Мать распахнула дверцу и ступила на землю. Горло Элис сдавила паника, но мать протянула ей руку:
– Пойдем, Элис. Я рядом.
Взяв мать за руку, она подвинулась на сиденье. Снова съежилась, когда одна из собак сунула нос и обнюхала ее.
– Сидеть, Честер, – приказала сестра. И тут, вызвав удивление Элис и пробудив какое-то еще забытое ощущению, в котором она не узнала восторг, пес шлепнулся на попку. Ей показалось, будто у него смеялись глаза. В них не было злости. В них было счастье. У него были счастливые глаза.
Она еще немного подвинулась на сиденье, и пес завилял попой, но остался сидеть.
Она поставила ногу на землю. На ноге была розовая кроссовка с белыми шнурками. С минуту она завороженно смотрела на нее и пошевелила ногой, убеждая себя, что это не сон.
Она поставила на землю другую ногу в розовой кроссовке, вздохнула и выпрямилась.
Мир так и норовил закружиться вокруг нее, но мать держала ее за руку.
Доверившись матери, она с трудом передвигала ноги.
На ней была джинсовая юбка – она не смогла надеть ни брюки, ни джинсы, купленные для нее. Но юбка закрывала ей ноги, как того требовала скромность. И белую блузку можно было застегнуть доверху, до шеи. Пальто было теплое, не то что старая шаль, которую она носила дома. Вся новая одежда была мягкая и приятно пахла. И все-таки Элис дрожала, поднимаясь по ступенькам.
Она посмотрела на пару кресел-качалок и тряхнула головой.
– Мы покрасили их в прошлом году, – сказала ей сестра. – Я люблю голубой цвет. Как летнее небо.
Элис посмотрела на открытую дверь и попятилась.
Бабушка обняла ее за талию.
– Я знаю, тебе страшно, Элис. Но мы все с тобой. Все мы.
– Два пирожка после работы, – пробормотала Элис.

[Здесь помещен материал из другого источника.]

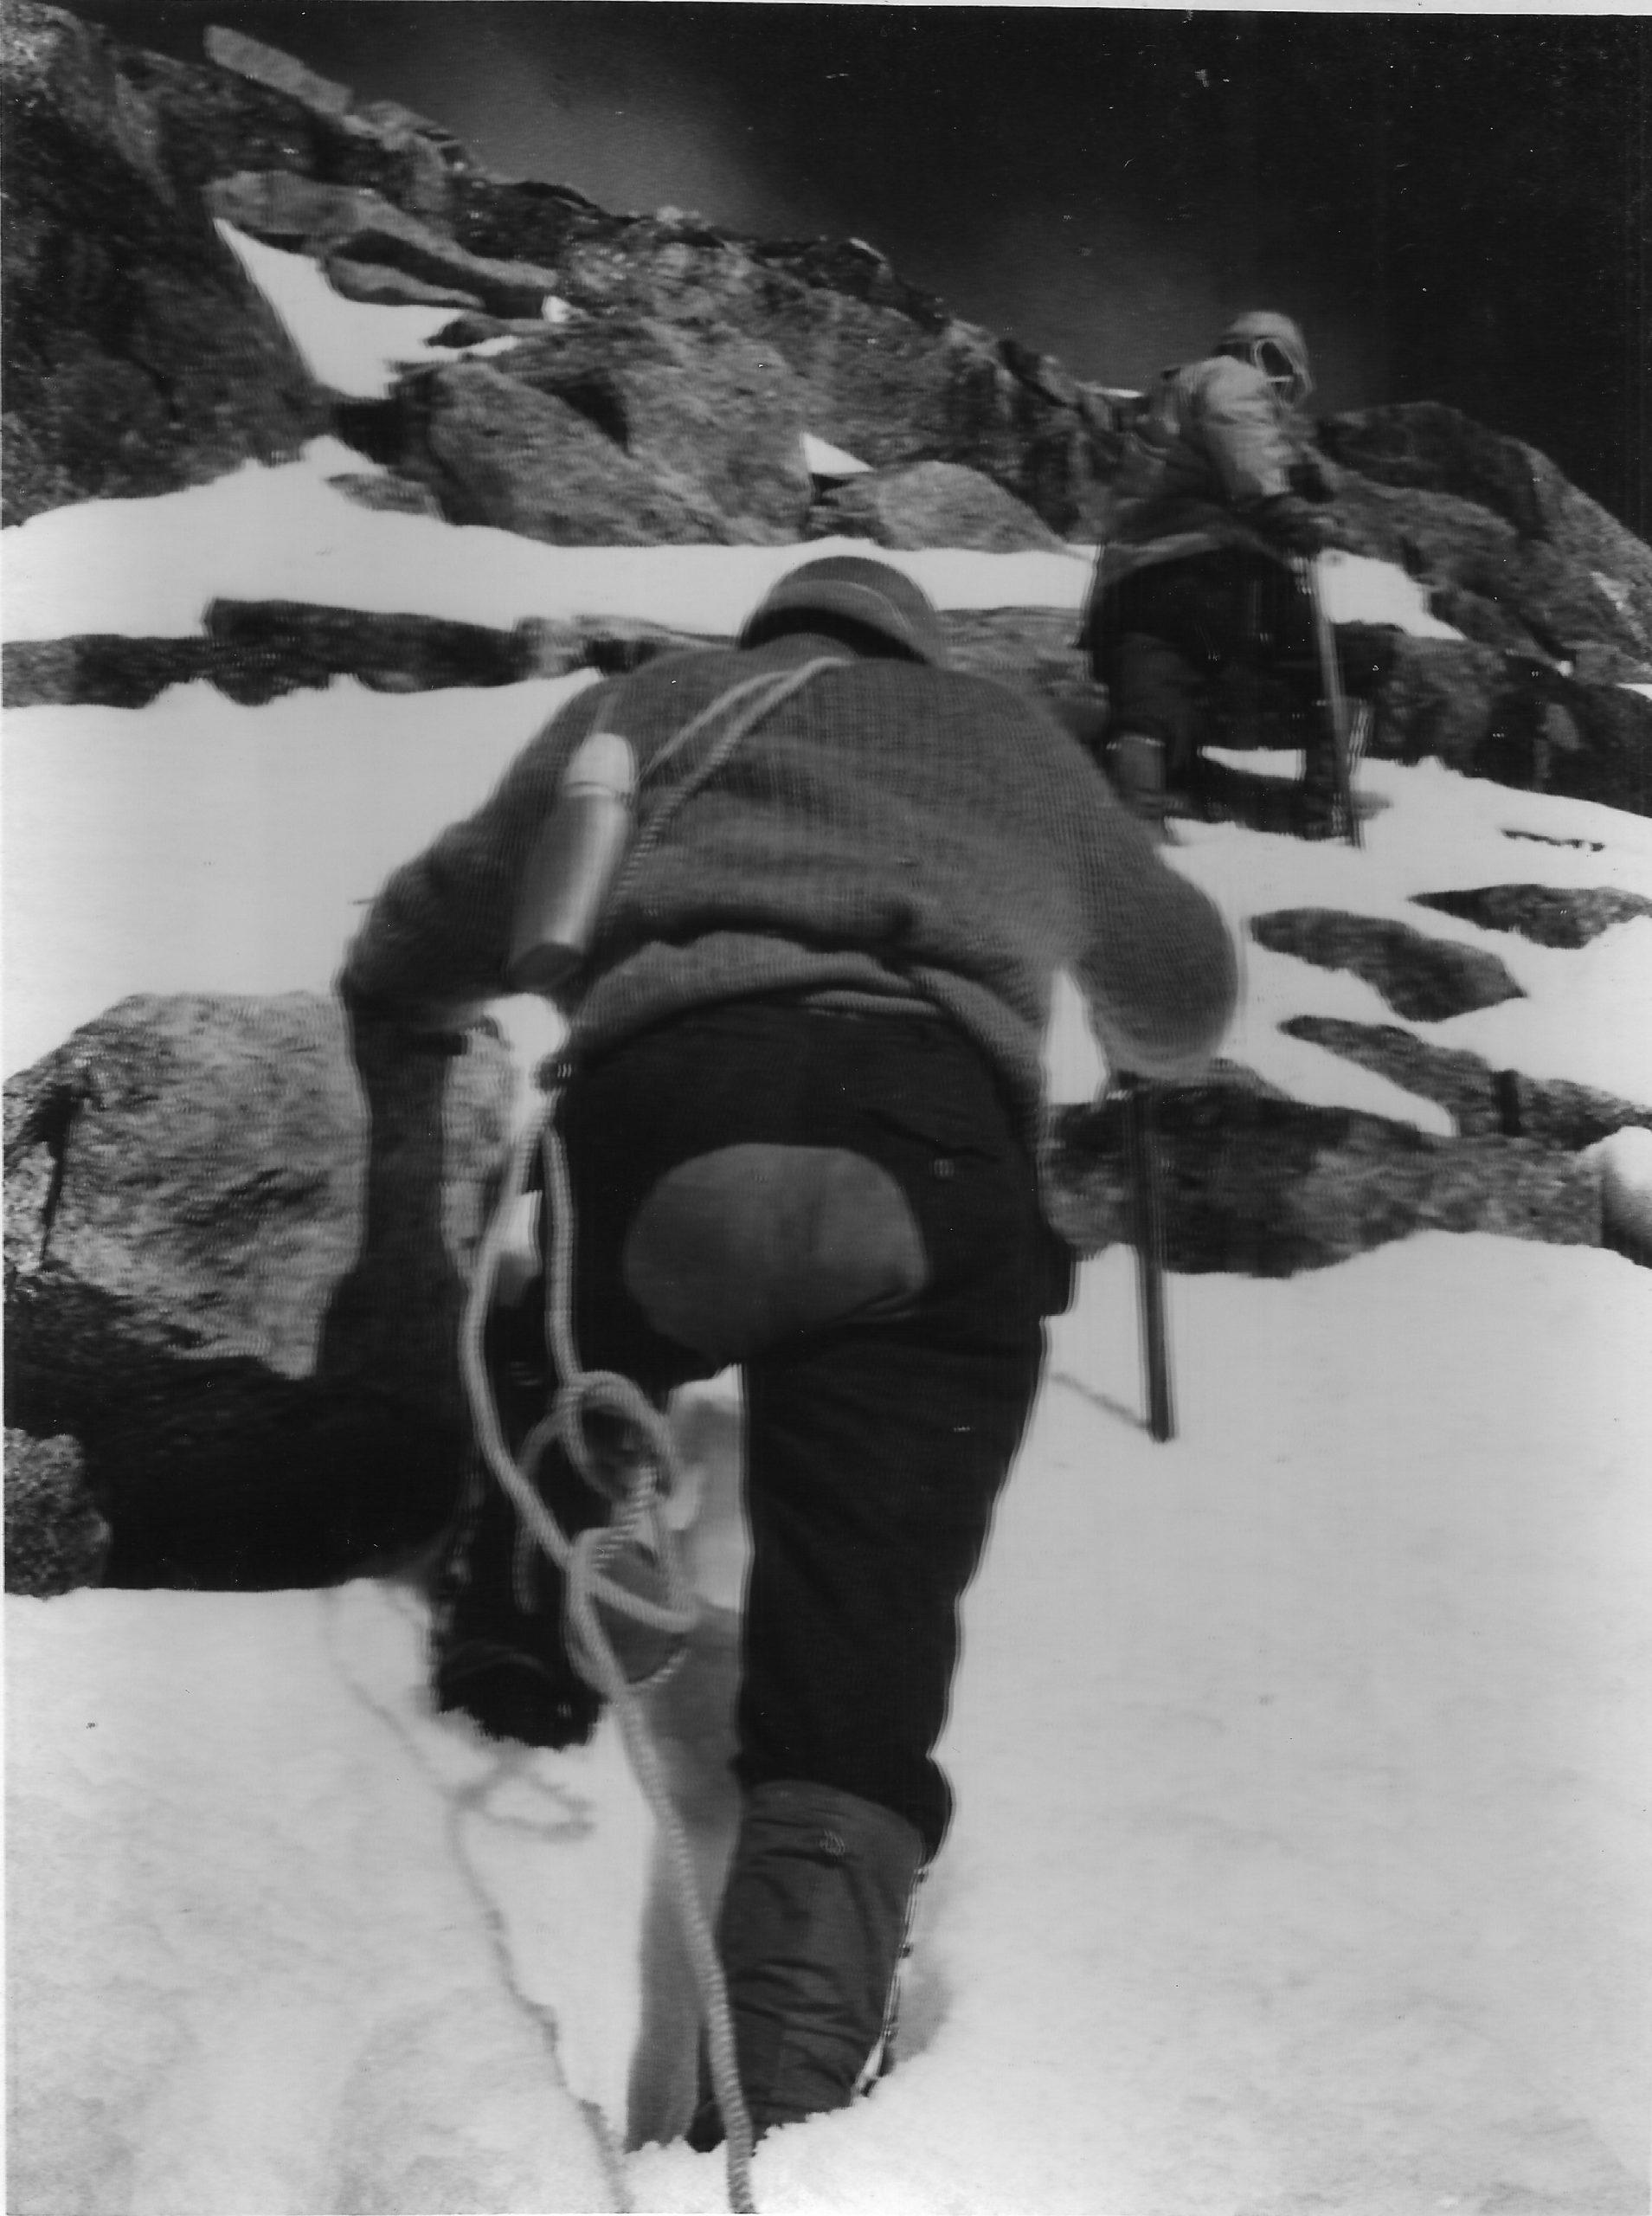 The Lalana ascent [image by: Sudipta Sengupta]

– Правильно, милая. Я всегда давала моим девочкам по два пирожка, когда они делали что-то полезное по хозяйству. Но сегодня никакой работы, – добавила бабушка. – А пирожки есть будем. Как насчет чая с пирожками?
– Сэр в доме?
– Нет. – Теперь в голосе бабушки слышался гнев. – Его ноги никогда не будет в этом доме.
– Ма…
– Помолчи, Кора. – Бабушка повернулась к Элис. – Это твой дом, а мы твоя семья. Мы стоим тут, три поколения женщин, которые могут одолеть все невзгоды. Ты сильная, Элис, и мы будем тебя поддерживать, пока ты не вспомнишь, какая ты сильная. А теперь пойдем в дом.
– Ты тоже останешься со мной? Ты останешься в доме, как и мама?
– Конечно, останусь.
Элис подумала, что из незапертой двери можно будет, если что, легко выйти, и вошла в дом.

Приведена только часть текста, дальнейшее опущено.